「それでも私はマスクしません」 ピーチ機運航妨害に問われた被告が言いたかったこと 着用拒否は差別か我欲か、法廷は異例の“厳戒態勢”


機内で客室乗務員の業務を妨害したとして飛行機を降ろされ、威力業務妨害などの罪に問われた奥野淳也被告(36)を当時取材した私は、
大阪地裁で開かれている公判の傍聴を続けてきた。「ウィズコロナ」に向けた社会のあり方が議論される中で開かれた、異例の法廷をリポートする。(共同通信=助川尭史)

7月、オミクロン株の派生型「BA・5」による第7波によって感染者が急増する中、本人尋問が始まった。

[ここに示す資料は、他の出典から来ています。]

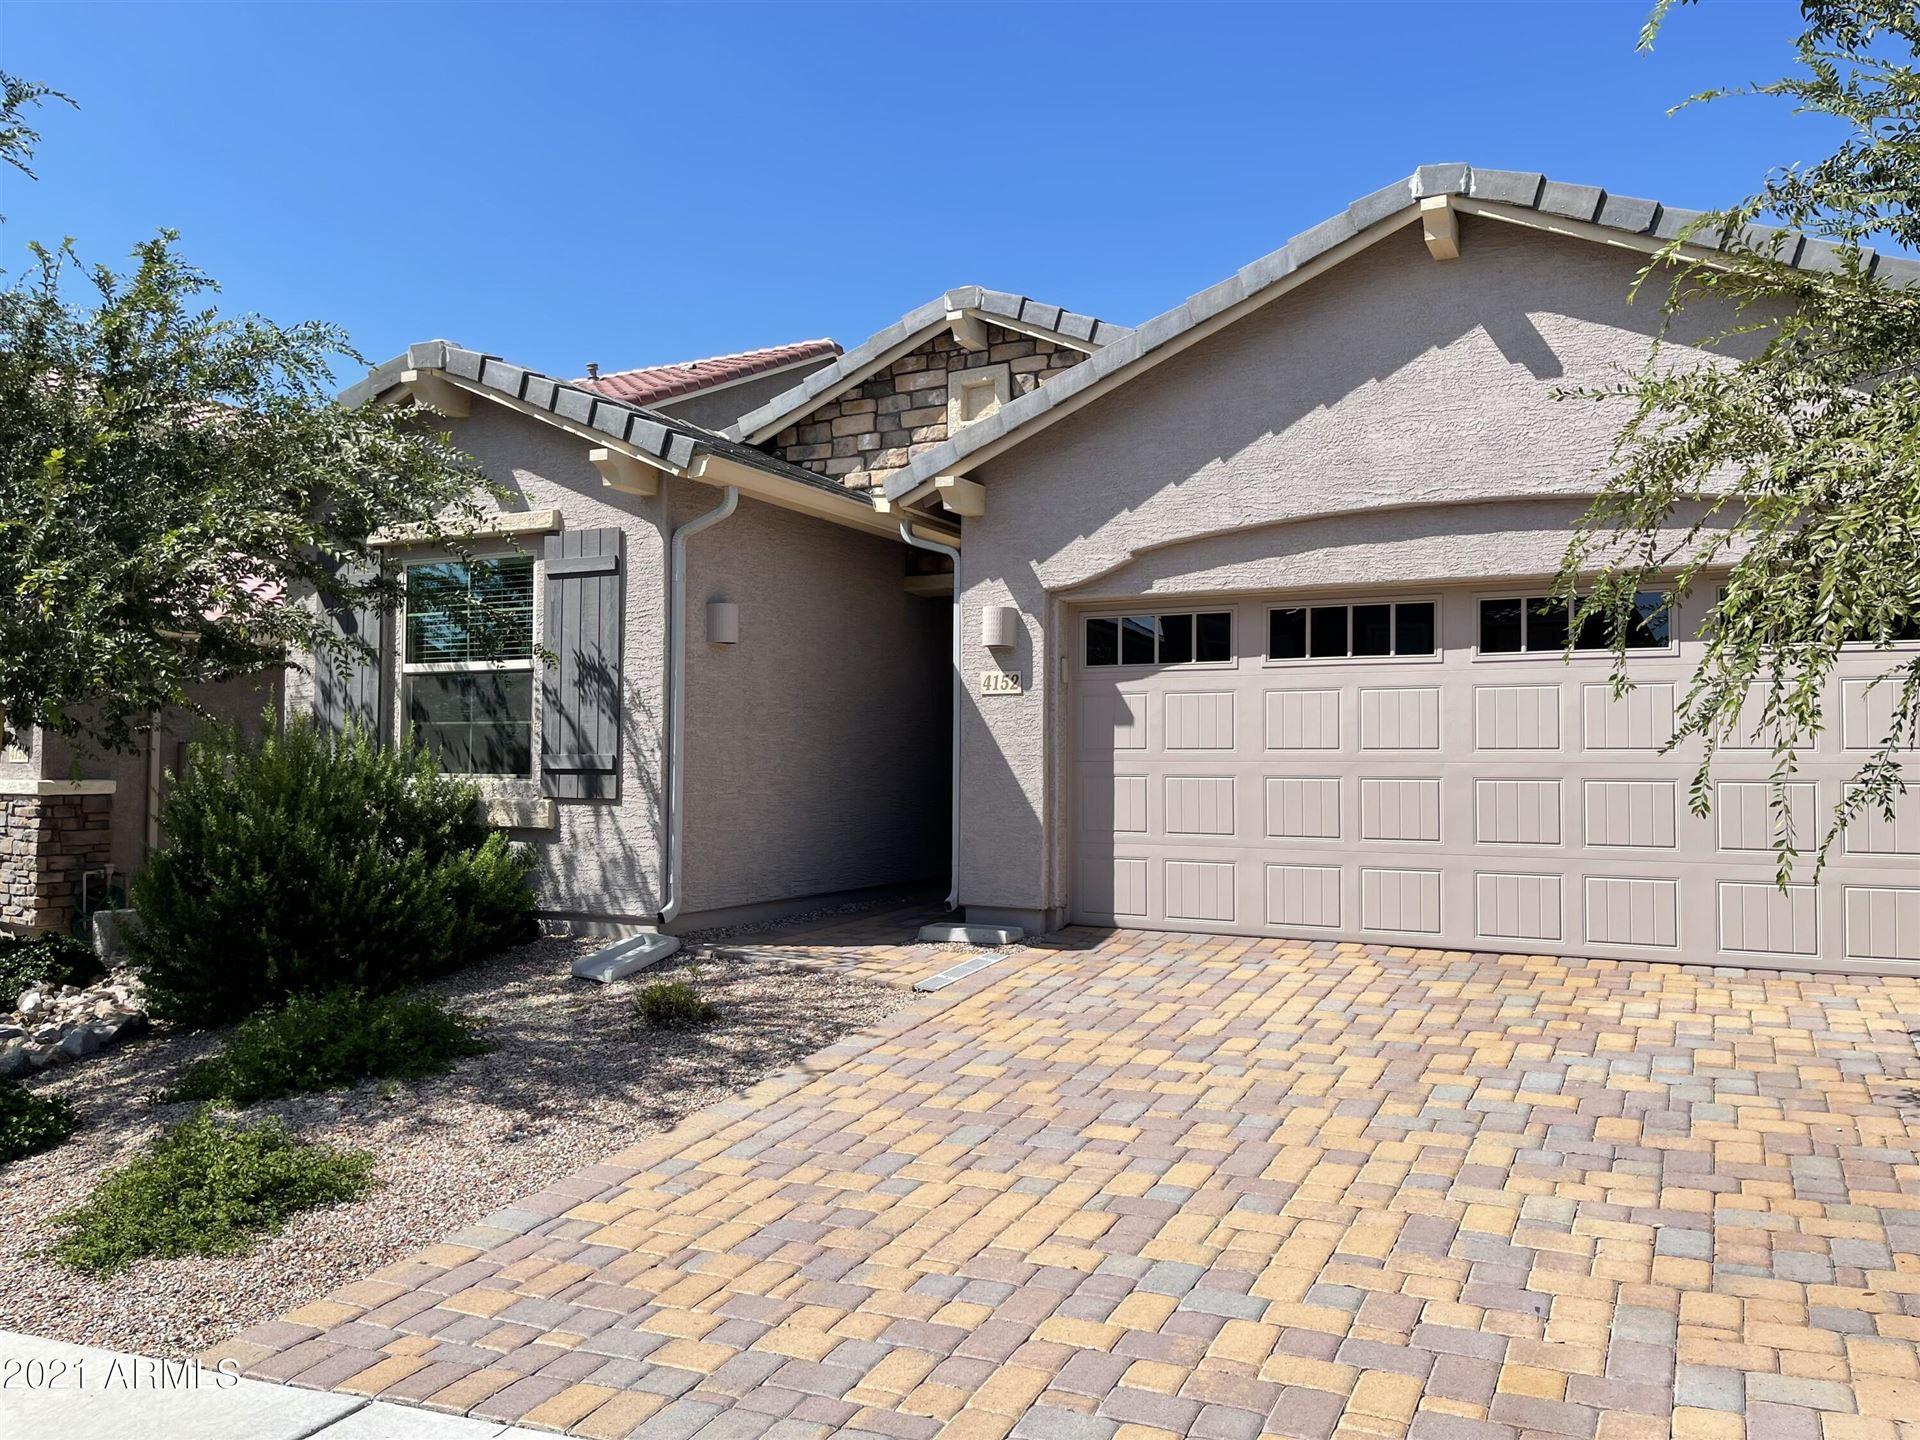 Photo of 4152 W PALACE STATION Road, New River, AZ 85087 (MLS # 6289688)

被告は東京大大学院で西洋政治史を学び、スウェーデンに留学経験もあるという。19世紀のヨーロッパで流行したコレラや、
ナチスドイツによる公衆衛生施策を学ぶうち、差別問題に興味を持つようになったらしい。修了後は東京都内の大学で非常勤講師として働き、コロナ禍を迎えた。

被告によると、感染者の家に中傷の言葉が貼られる事件が報じられるなど、日本全体がパニックになる中、人々がわれ先に買い求めたマスクは差別の象徴のように見えた。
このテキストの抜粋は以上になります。